# What is needed:
A faithful copy is required: transcribe each line below exactly, minus the pictures.

# Recorded information:
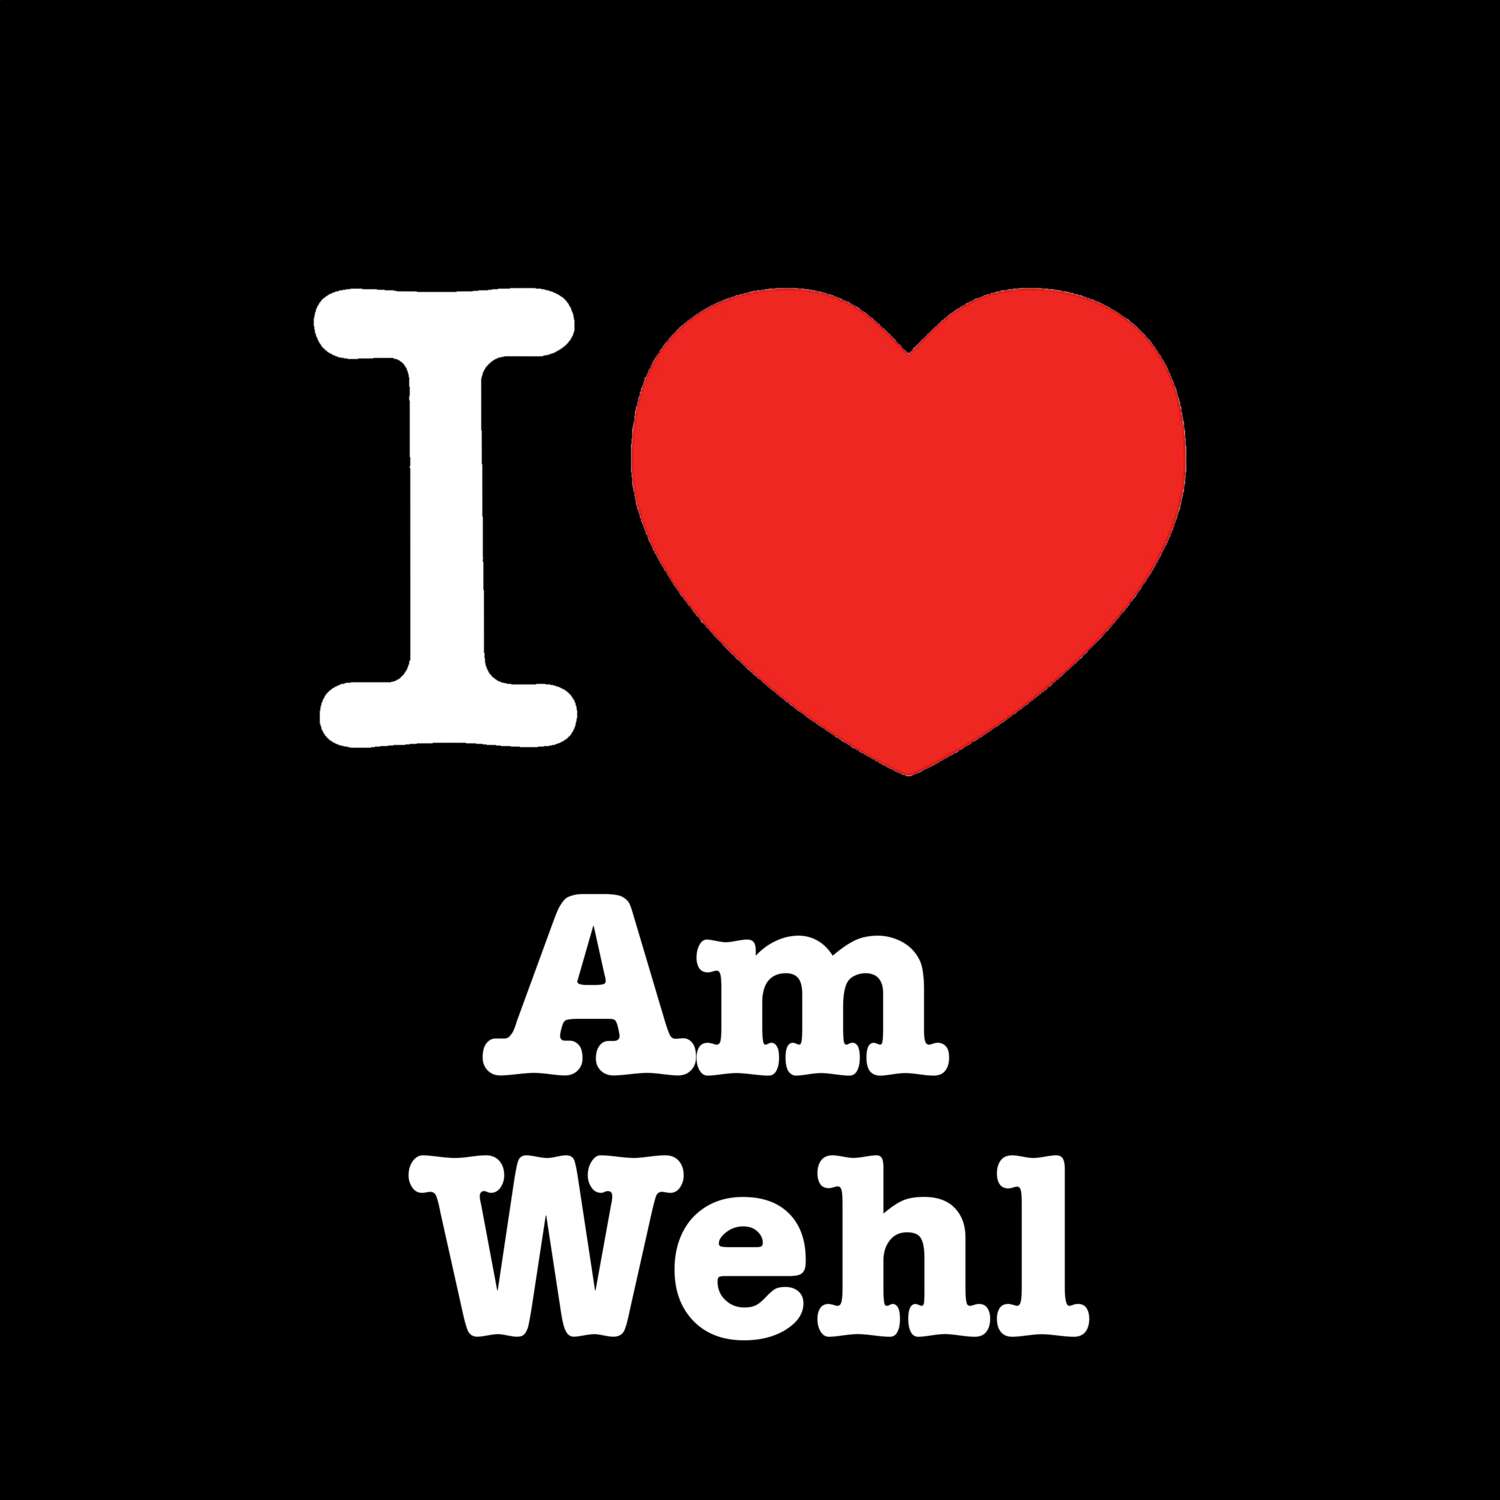 Am Wehl T-Shirt »I love«
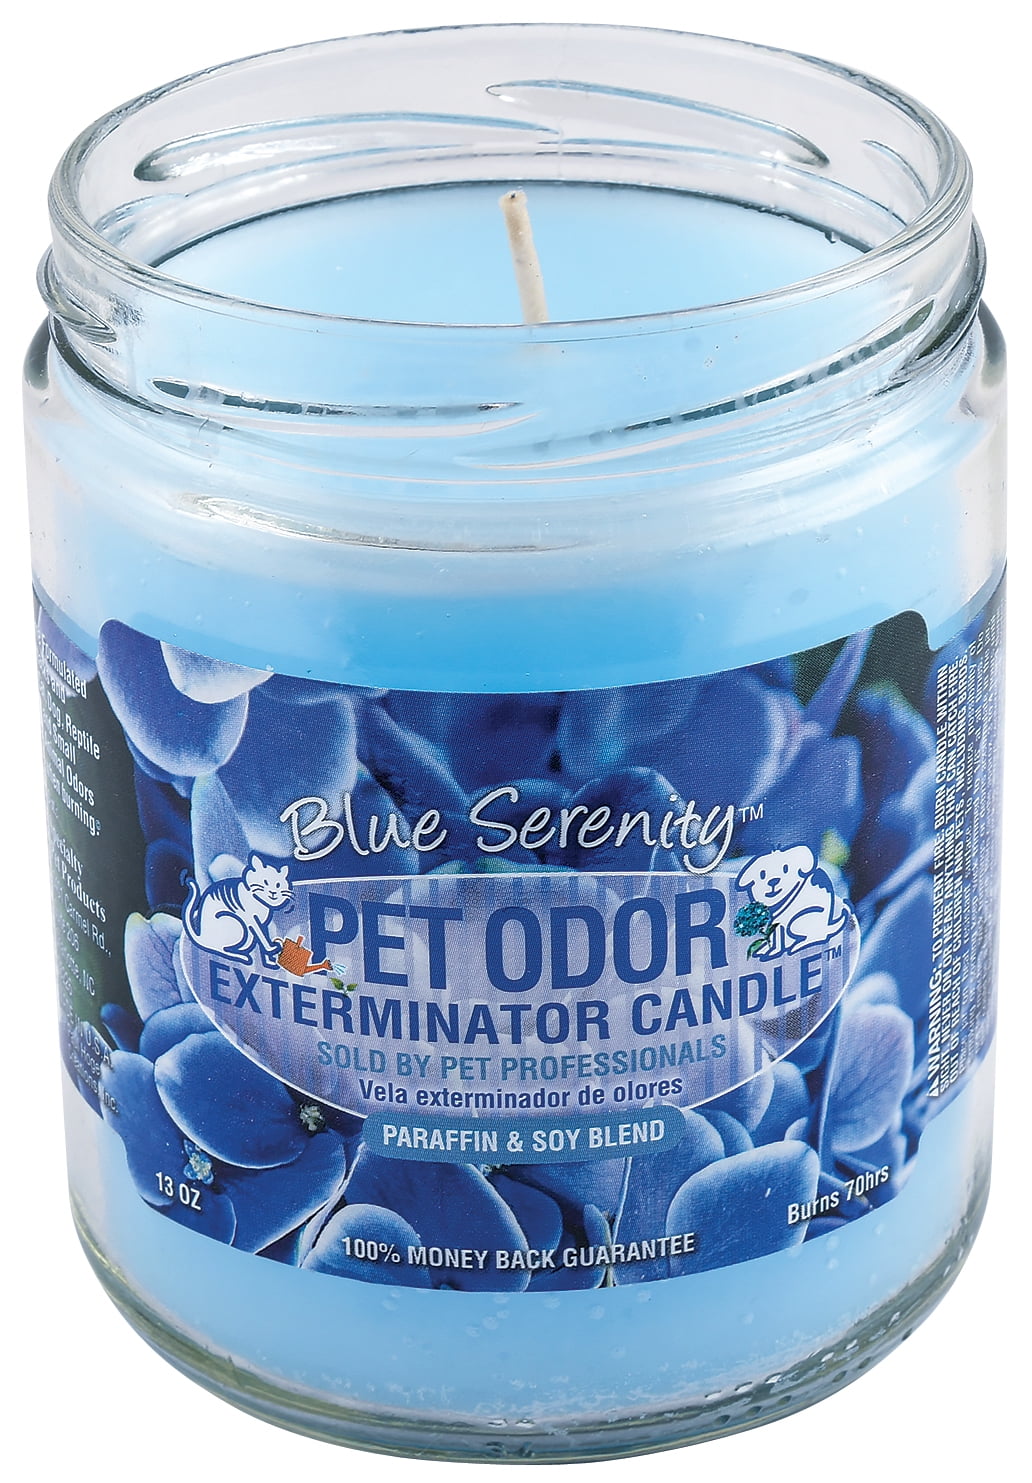 Smoke Odor Exterminator 13 oz Jar Candle Nag Champa
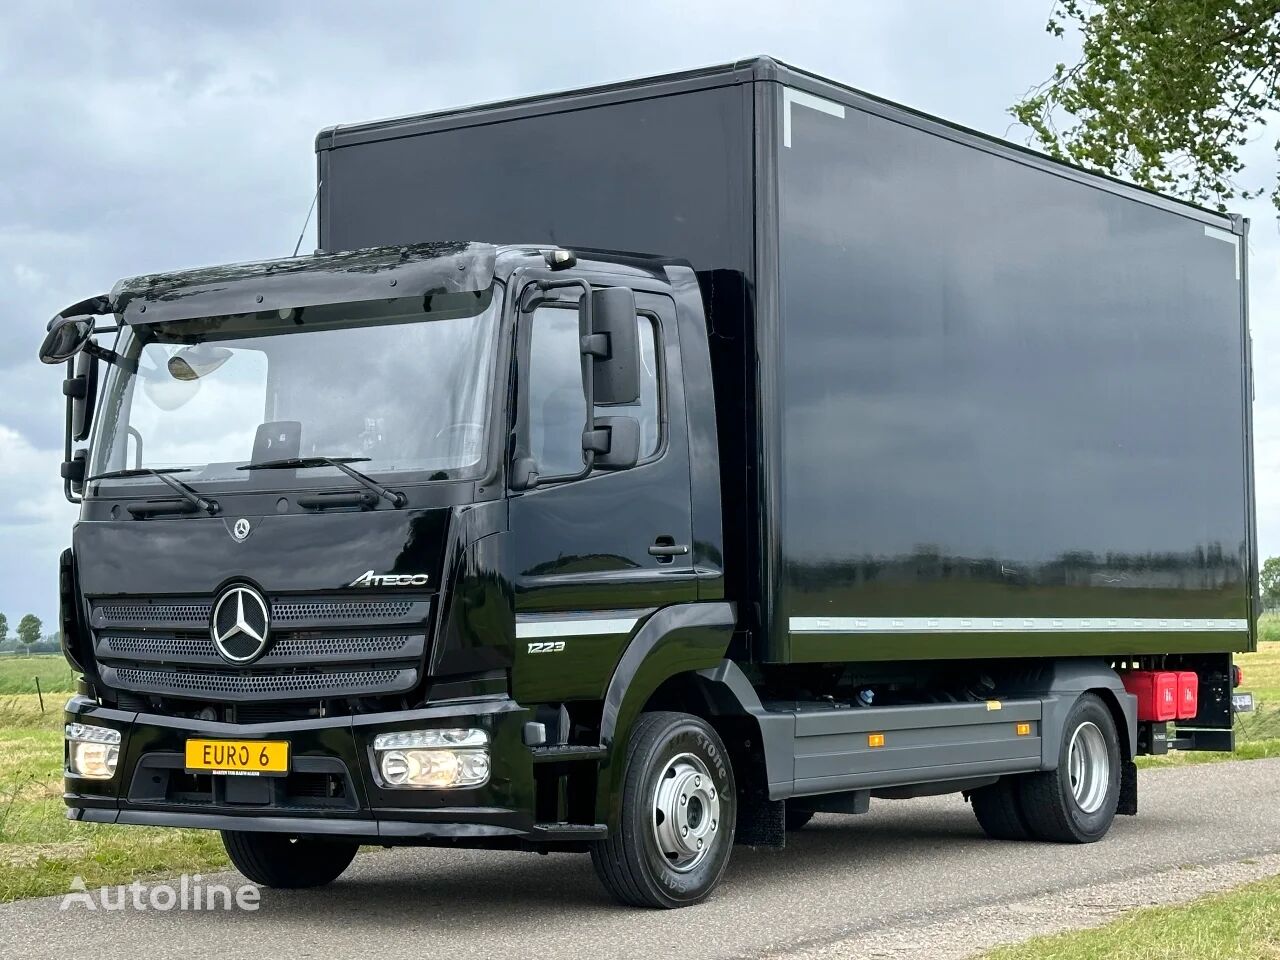 Mercedes-Benz Atego ATEGO1223L. EURO6.2020. 11990. 510x249x230. box truck

# Exercise solution:
 Am Wehl T-Shirt »I love«
 Smoke Odor Exterminator 13 oz Jar Candle Nag Champa
 Mercedes-Benz Atego ATEGO1223L. EURO6.2020. 11990. 510x249x230. box truck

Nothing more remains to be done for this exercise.